Task statement
All of the lines below are to be transcribed faithfully, with pictures excluded from the copy.

Dataset section
##########

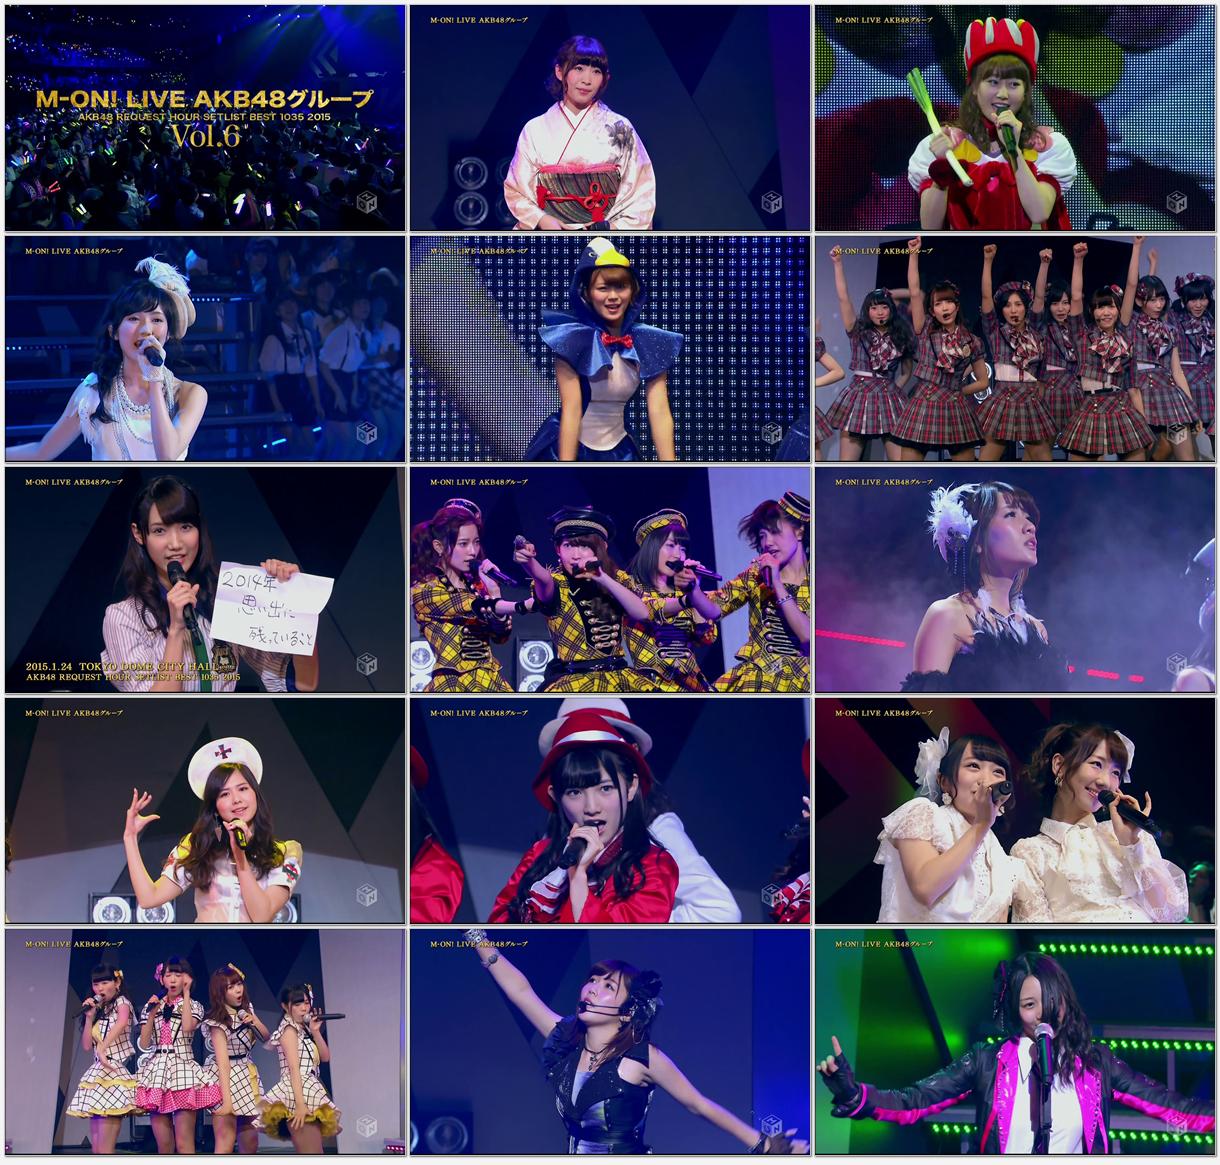 20160411.01 AKB48 - Request Hour Setlist Best 1035 2015 Vol. 6 (HDTV 2016.04.03) (JPOP.ru).jpg
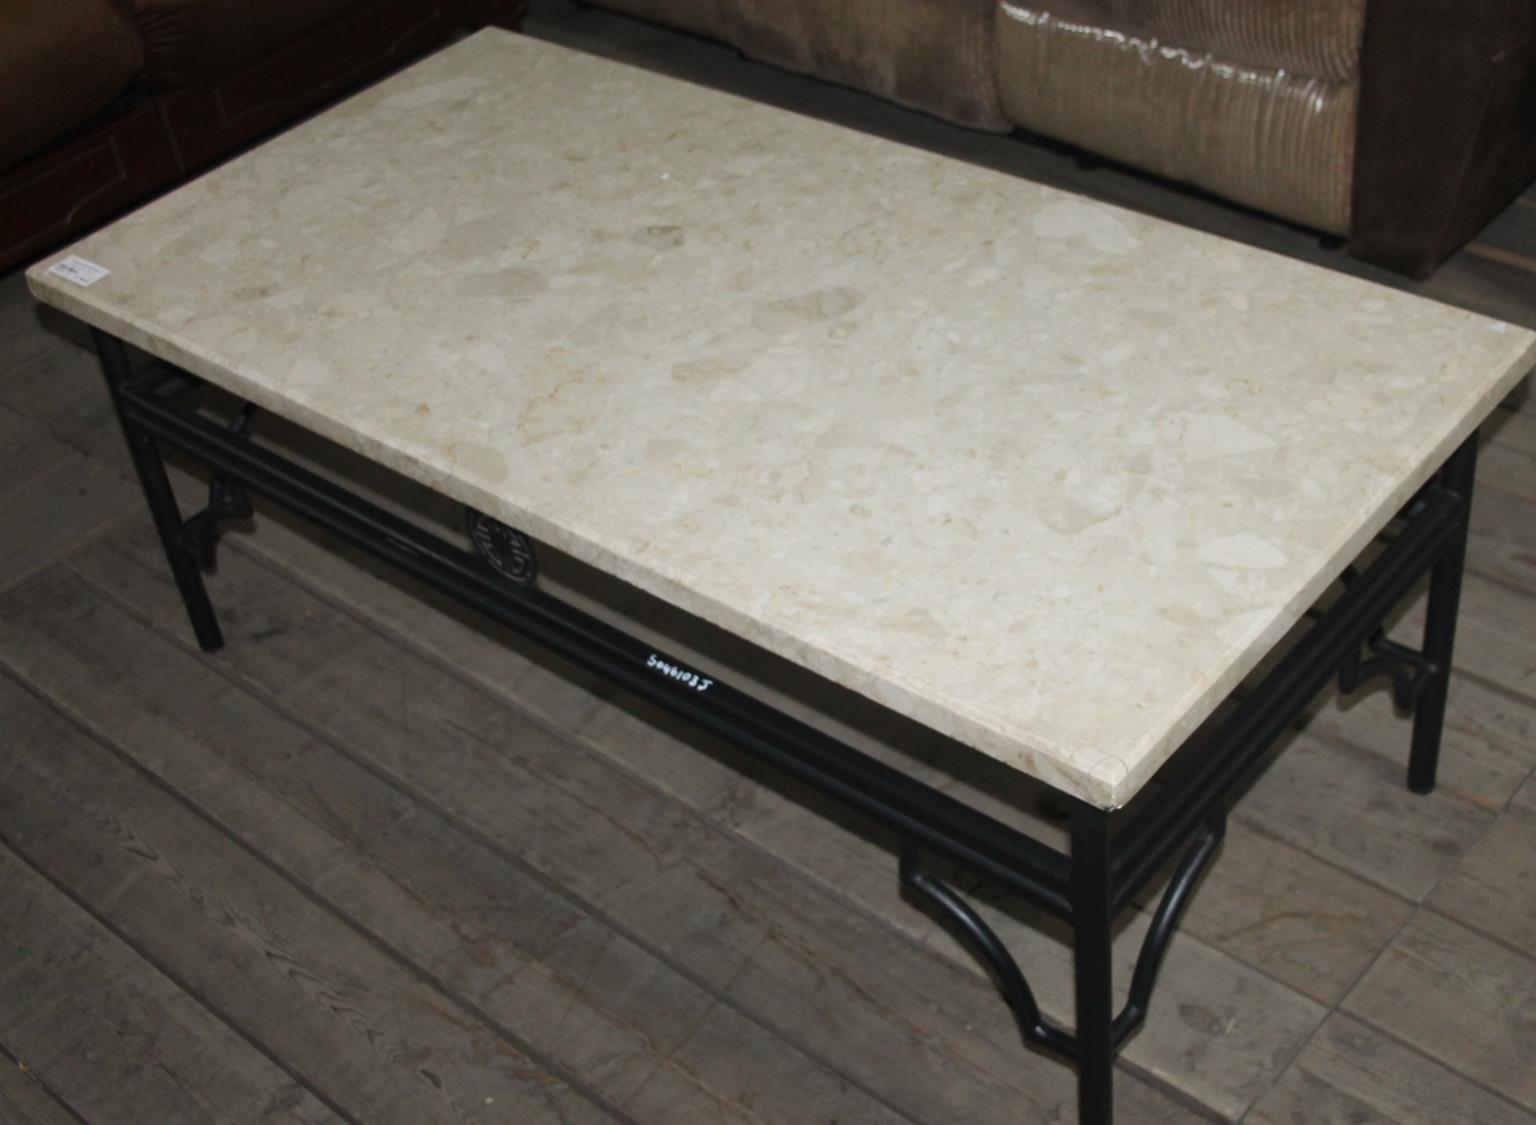 Granite coffee table S046103J #Rosettenvillepawnshop
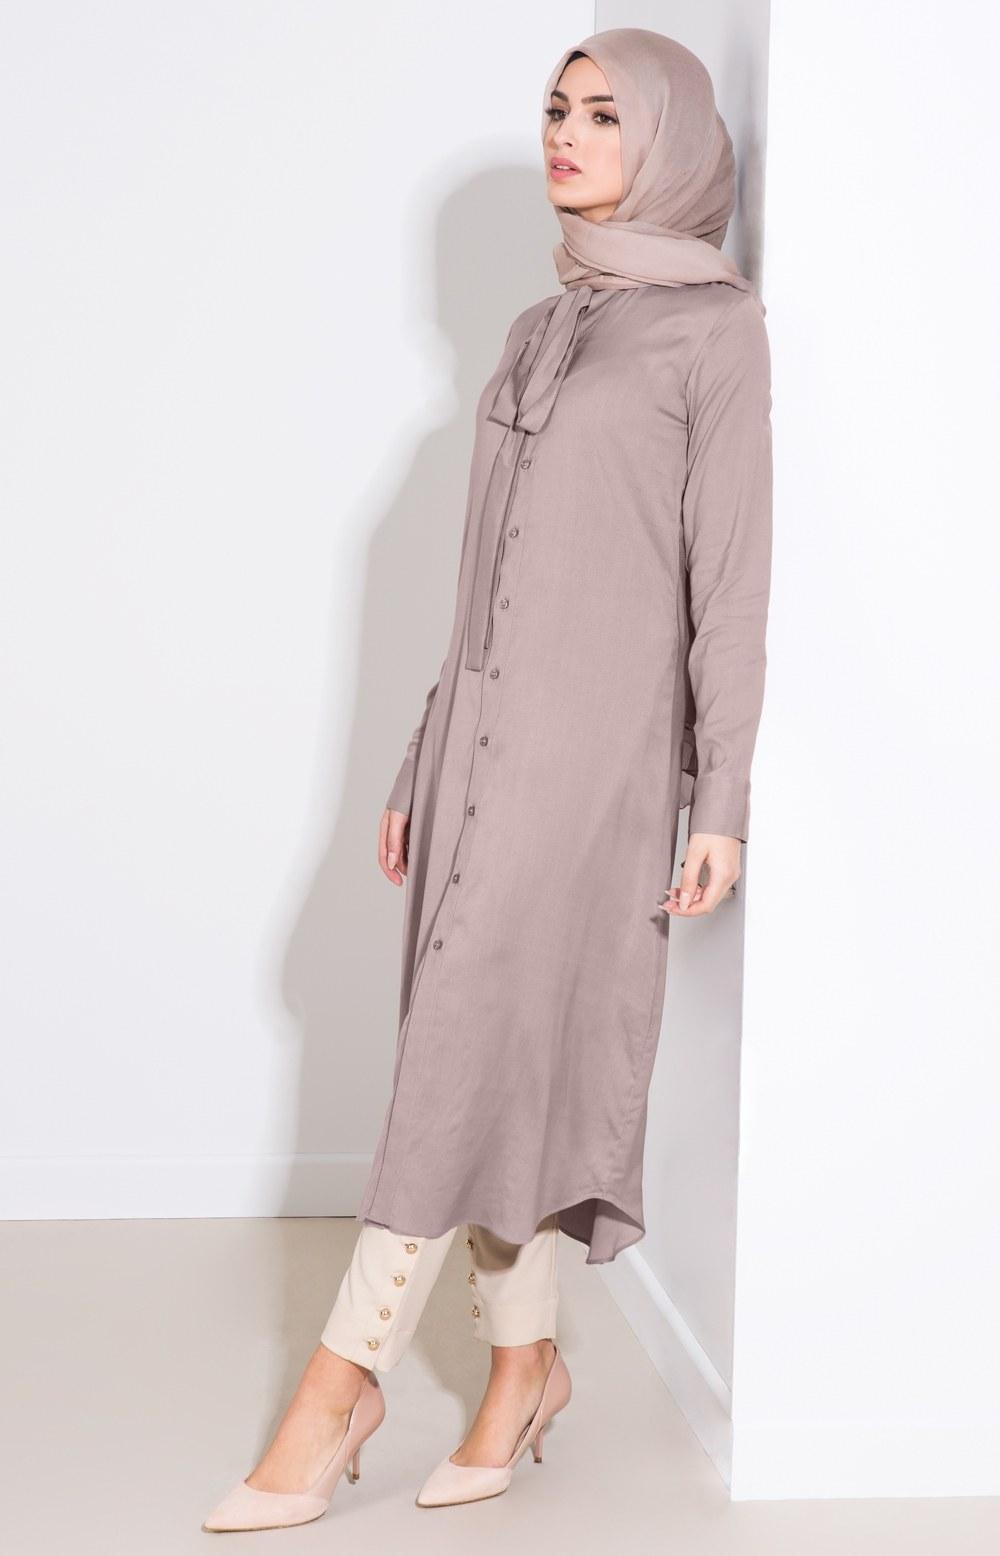 Inspirasi Model Baju Lebaran Zwdg 25 Trend Model Baju Muslim Lebaran 2018 Simple & Modis

##########

Answer to this problem
 20160411.01 AKB48 - Request Hour Setlist Best 1035 2015 Vol. 6 (HDTV 2016.04.03) (JPOP.ru).jpg
 Granite coffee table S046103J #Rosettenvillepawnshop
 Inspirasi Model Baju Lebaran Zwdg 25 Trend Model Baju Muslim Lebaran 2018 Simple & Modis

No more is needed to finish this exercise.